Offended by the whole tone of her manner, I bowed, and moved towards the door.

"Have you seen M. Marsac? I hear he has arrived."

"No, Mademoiselle; not yet."

"When you have conferred and consulted with him, your instructions are all prepared; and I suppose you are ready to start?"

"I shall be, Mademoiselle, when called upon."

"I will say good-bye, then," said she, advancing one step towards me, evidently intending to offer me her hand; but I replied by a low, very low bow, and retired.

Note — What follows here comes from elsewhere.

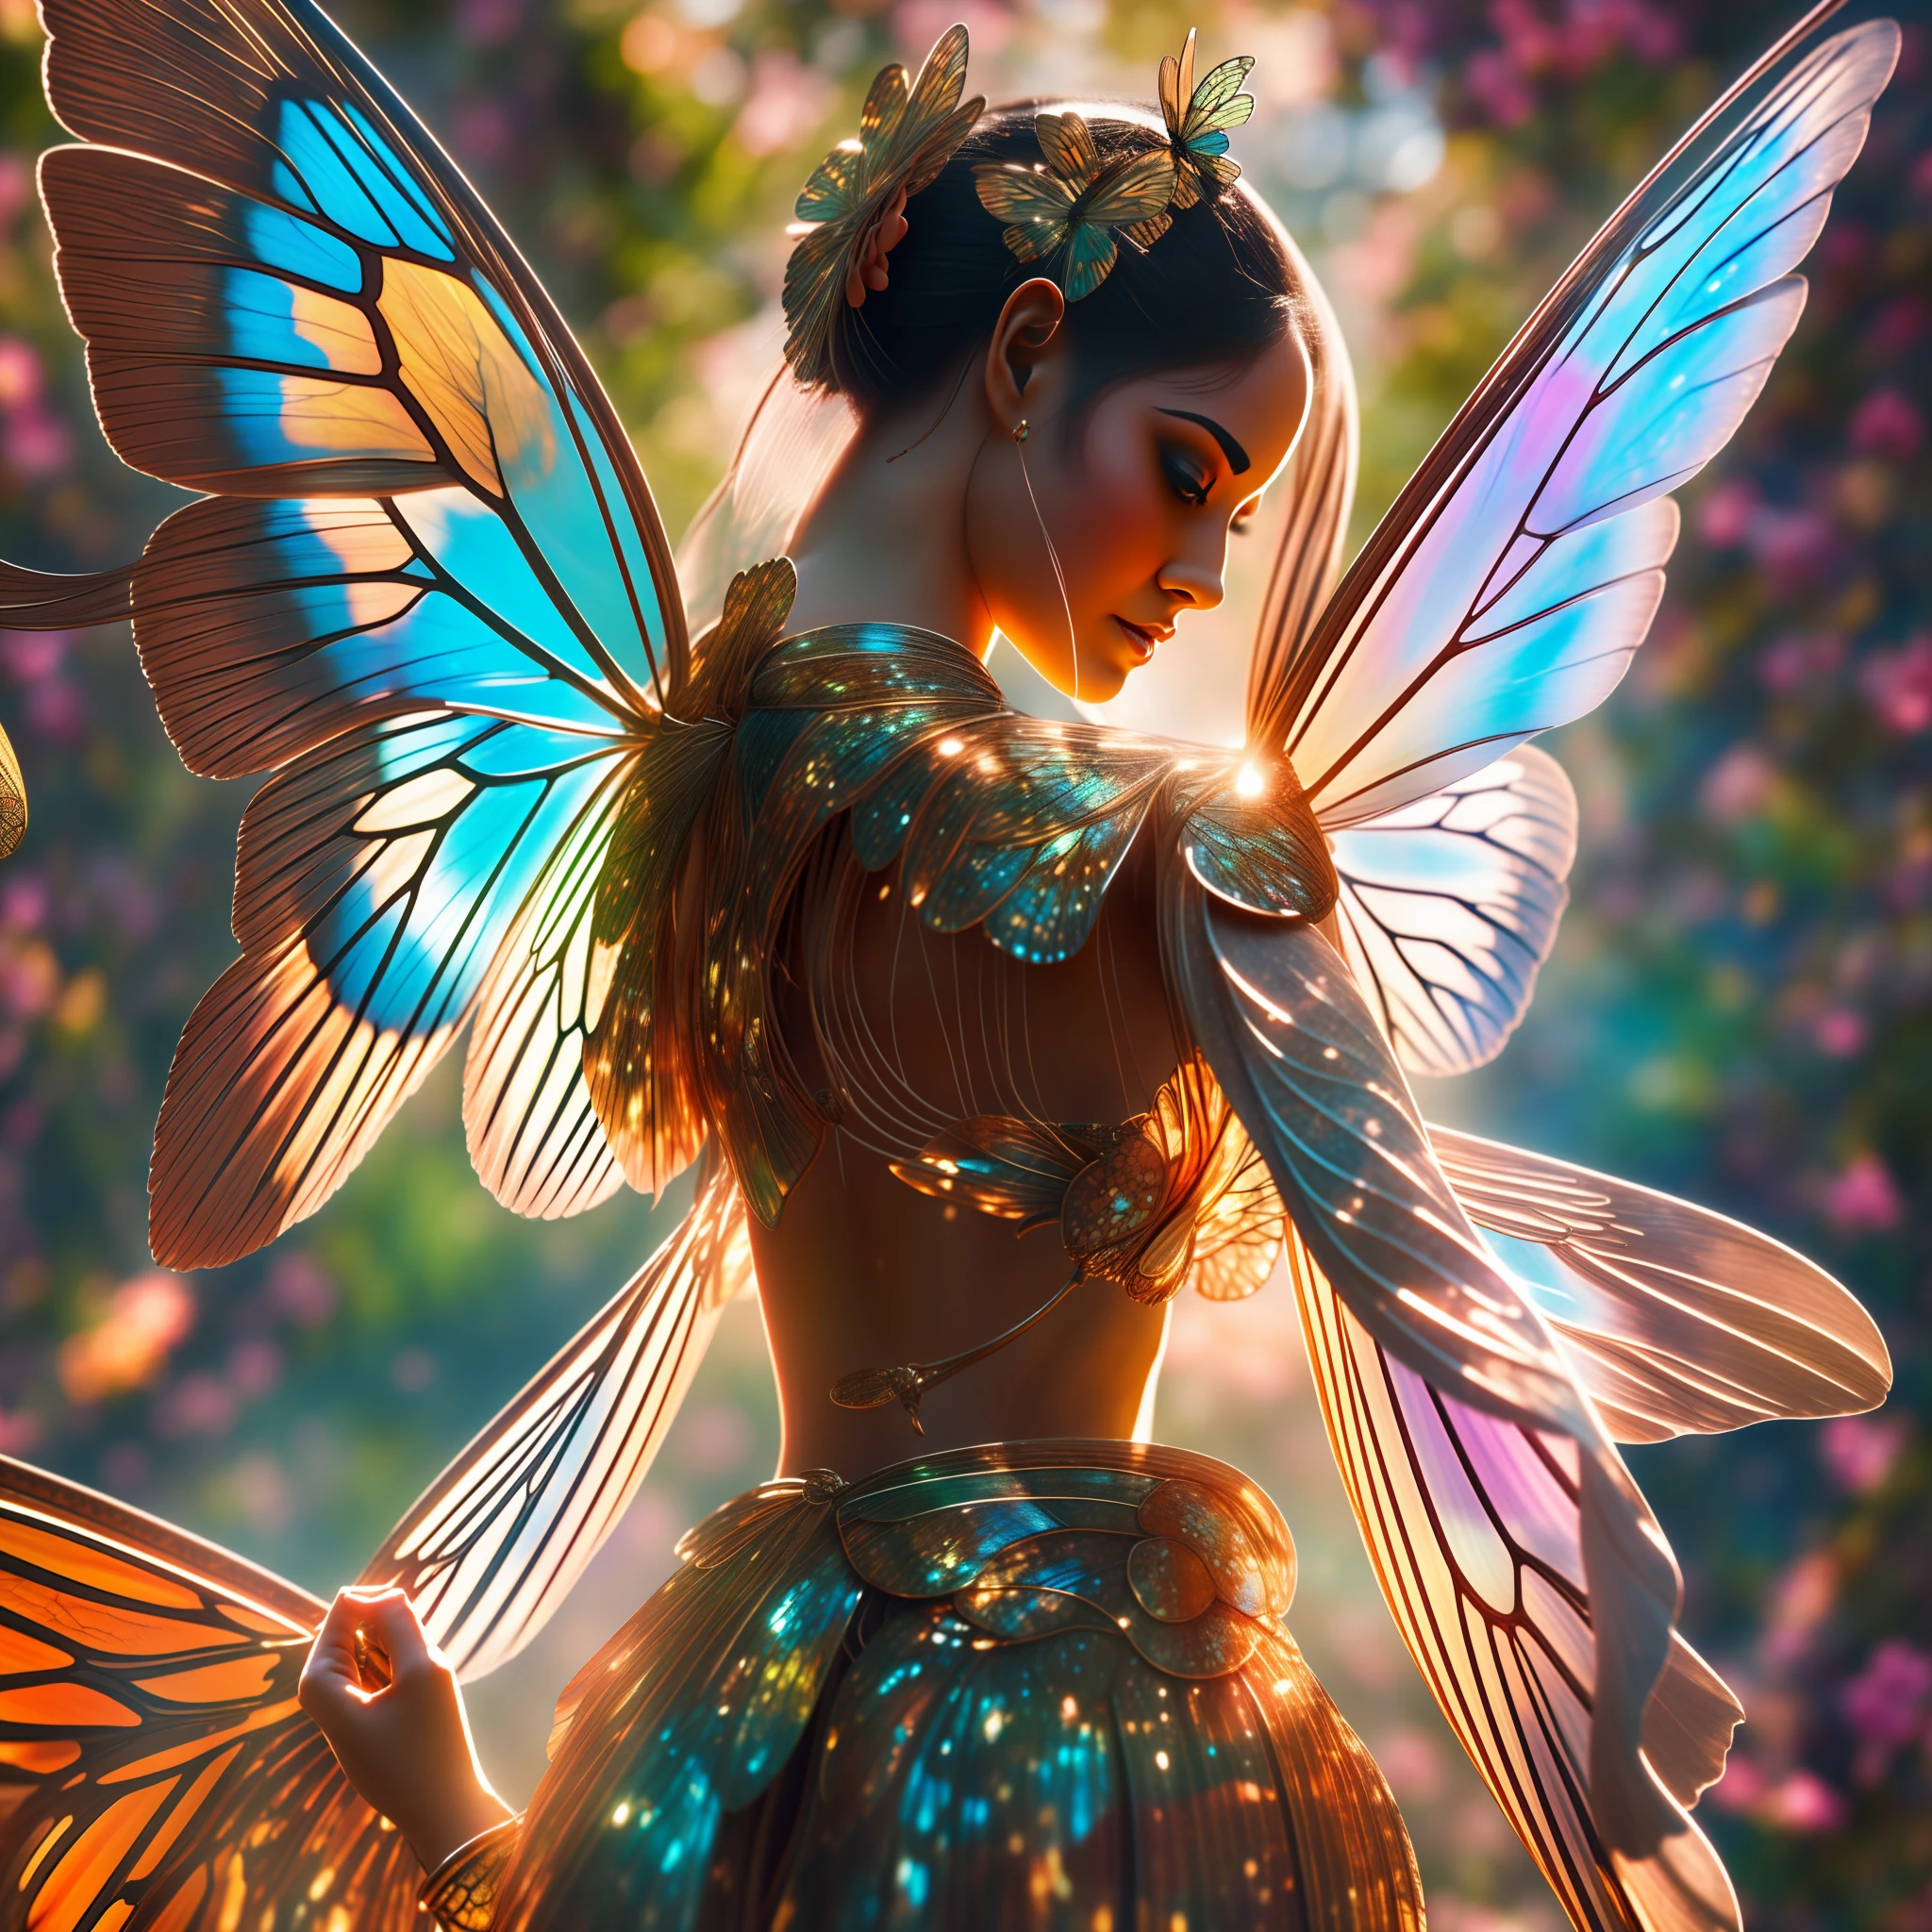 Create an engaging scene in the background of a serene garden, with rich textures. In the center, there is a woman with delicate features, appearing fragile yet exuding remarkable elegance. She is standing, looking upwards, while butterfly wings gracefully unfurl from her back. The image, with an 8K resolution, allows for capturing every detail with extreme clarity and color richness. Carefully represented textures enhance the visual experience. Sunlight bathes the scene, creating a luminous and inspiring context. This image invites the viewer to witness the moment when the woman embraces her transformation and finds  through butterfly wings.

I thought I should choke as I went down the stairs. My throat seemed to swell, and then to close up; and when I gained the shelter of the thick trees, I threw myself down on my face in the gra.s.s, and sobbed as if my heart was breaking. How I vowed and swore that I would tear every recollection of her from my mind, and never think more of her, and how her image ever came back clearer and brighter and more beautiful before me after each oath!

CHAPTER XXIII. THE MAN WHO TRAVELLED FOR OUR HOUSE

As I sat brooding over my fire that same evening, my door was suddenly opened, and a large burly man, looming even larger from an immense fur pelisse that he wore, entered. His first care was to divest himself of a tall Astracan cap, from which he flung off some snow-flakes, and then to throw off his pelisse, stamping the snow from his great boots, which reached half-way up the thigh.

"You see," cried he, at last, with a jovial air,--"you see I come, like a good comrade, and make myself at home at once."

"I certainly see so much," said I, dryly; "but whom have I the honor to receive?"

"You have the honor to receive Gustave Maurice de Marsac, young man, a gentleman of Dauphine, who now masquerades in the character of first traveller for the respectable house of Hodnig and Oppovich."

"I am proud to make your acquaintance, M. de Marsac," said I, offering my band.

"What age are you?" cried he, staring fixedly at me. "You can't be twenty?"

"No, I am not twenty."

"And they purpose to send you down to replace _me!_" cried he; and he threw himself back in his chair, and shook with laughter.

"I see all the presumption; but I can only say it was none of my doing."

"No, no; don't say presumption," said he, in a half-coaxing tone. "But I may say it, without vanity, it is not every man's gift to be able to succeed Gustave de Marsac. May I ask for a cigar? Thanks. A real Cuban, I verily believe. I finished my tobacco two posts from this, and have been smoking all the samples--pepper and hemp-seed amongst them--since then."